• **Task details**
Output the listing below verbatim, without images.

Top of Supplied information

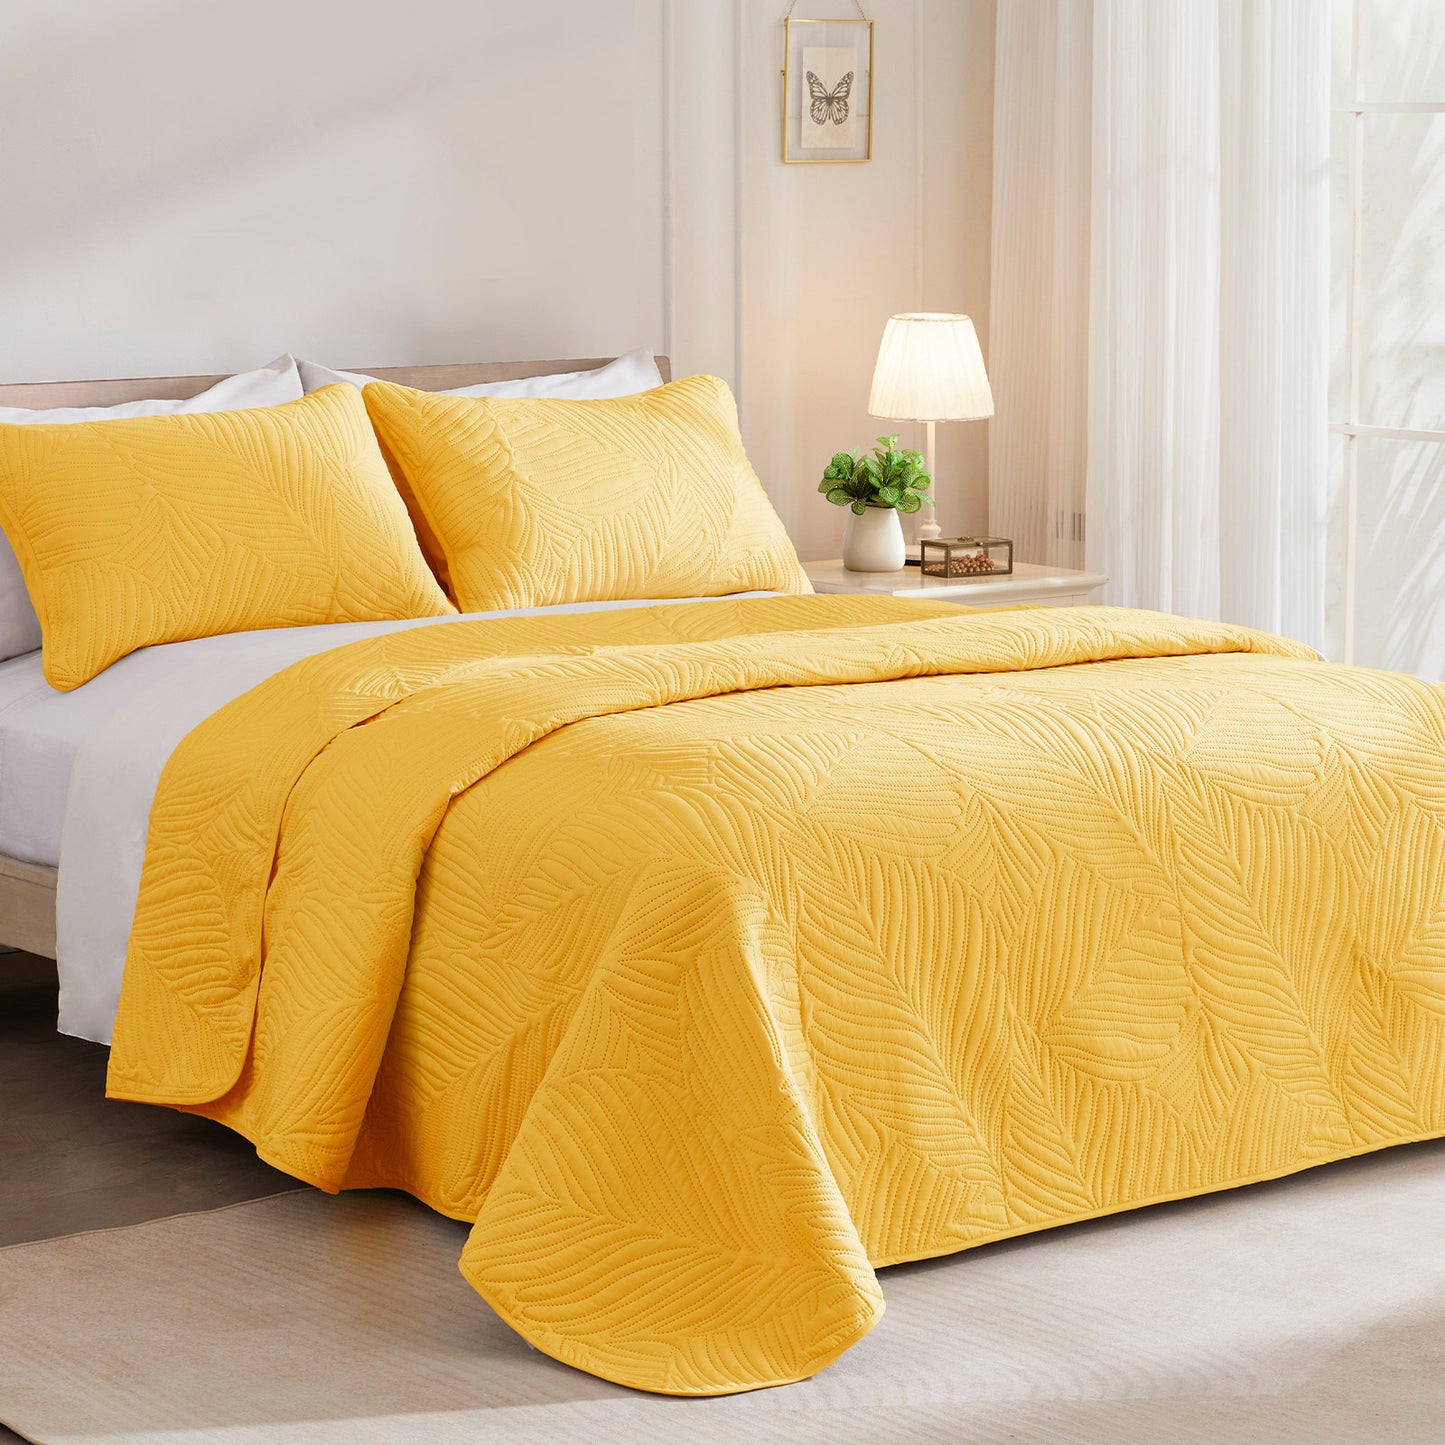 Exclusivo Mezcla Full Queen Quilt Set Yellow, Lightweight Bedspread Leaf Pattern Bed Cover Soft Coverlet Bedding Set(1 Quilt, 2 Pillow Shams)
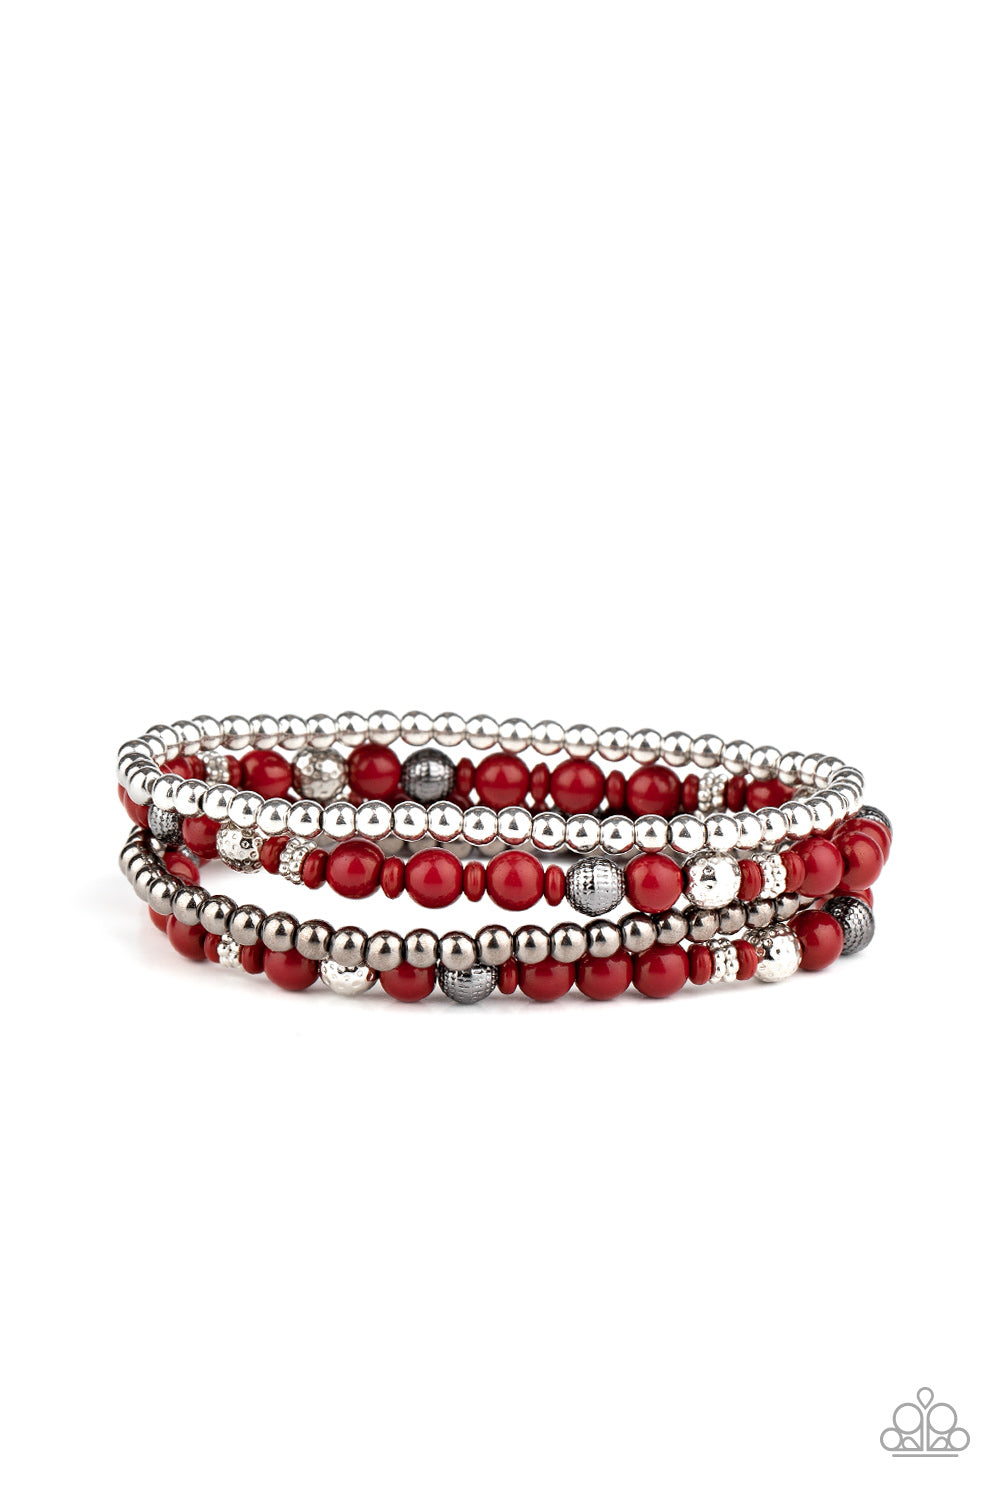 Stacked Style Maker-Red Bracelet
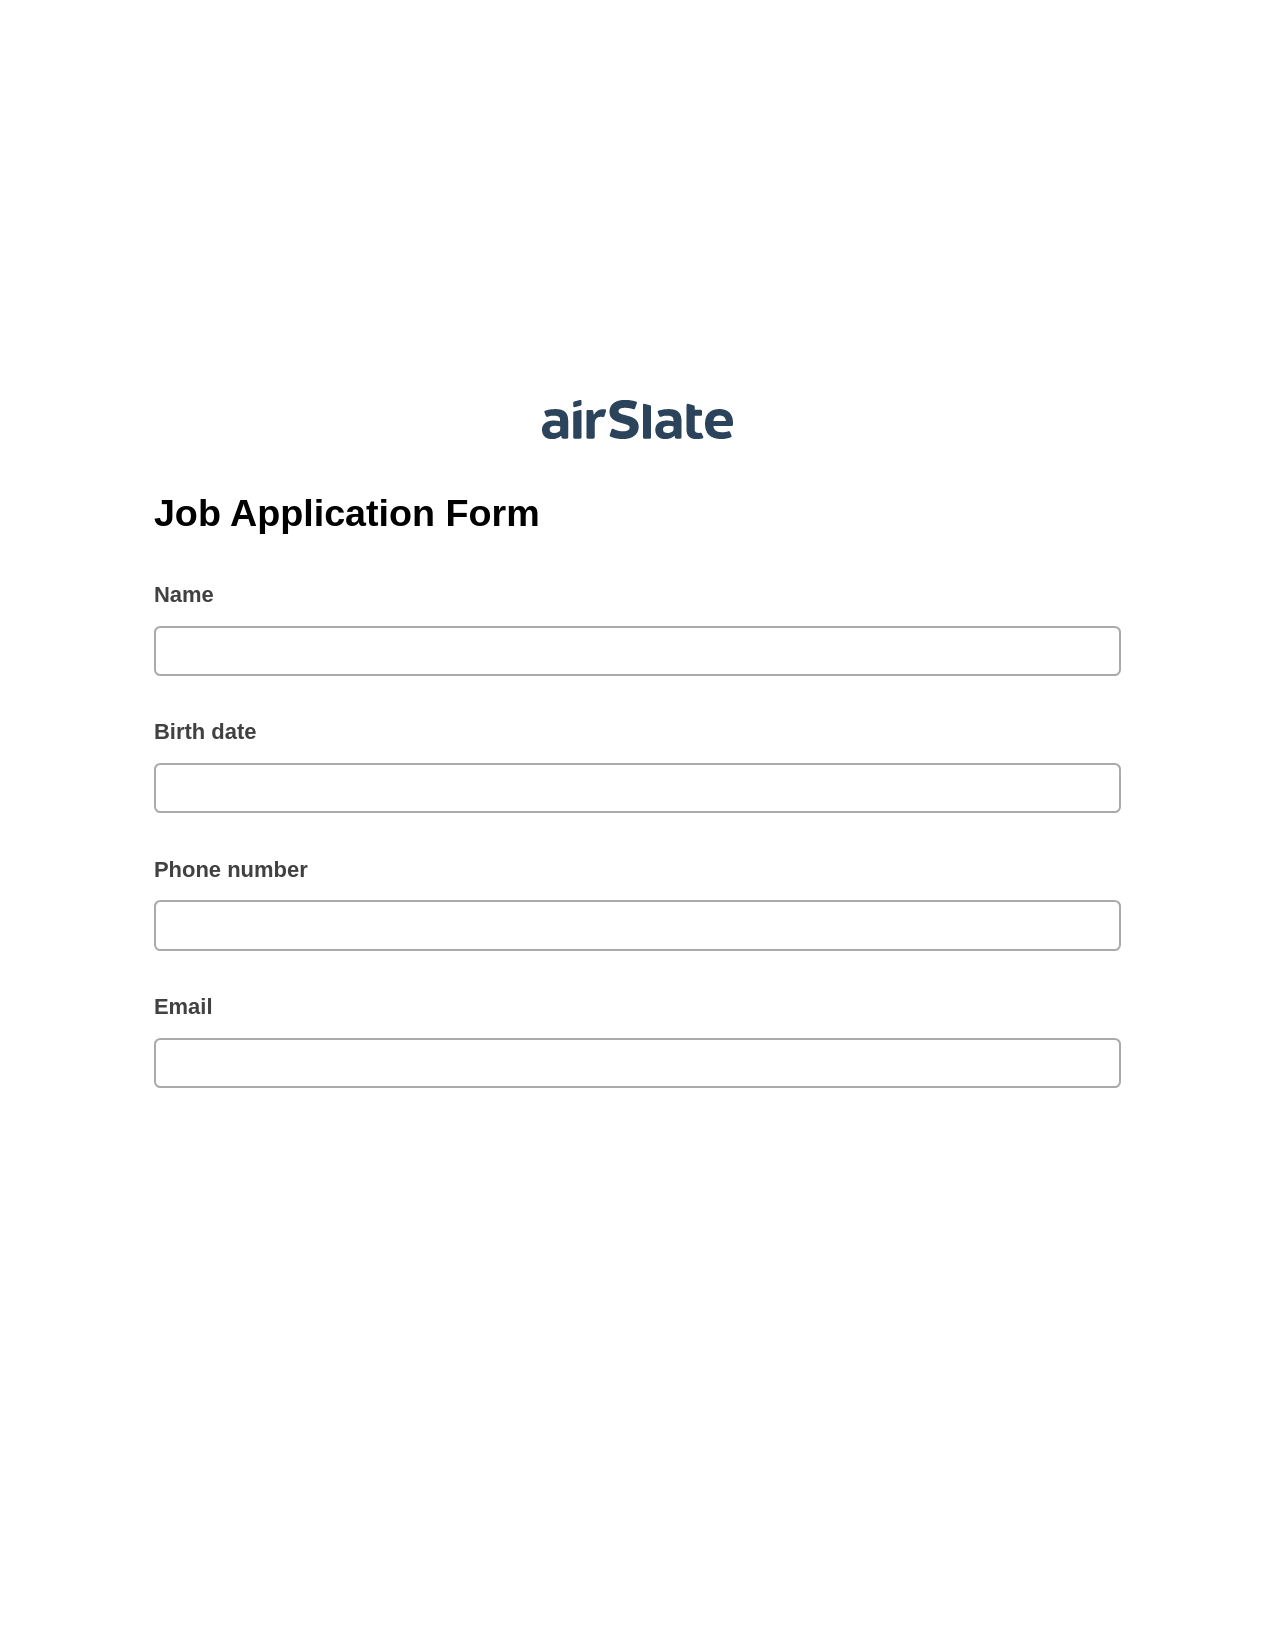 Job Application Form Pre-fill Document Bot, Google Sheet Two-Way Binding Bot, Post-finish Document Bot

Bottom of Supplied information

• **Reply to the task**
 Exclusivo Mezcla Full Queen Quilt Set Yellow, Lightweight Bedspread Leaf Pattern Bed Cover Soft Coverlet Bedding Set(1 Quilt, 2 Pillow Shams)
 Stacked Style Maker-Red Bracelet
 Job Application Form Pre-fill Document Bot, Google Sheet Two-Way Binding Bot, Post-finish Document Bot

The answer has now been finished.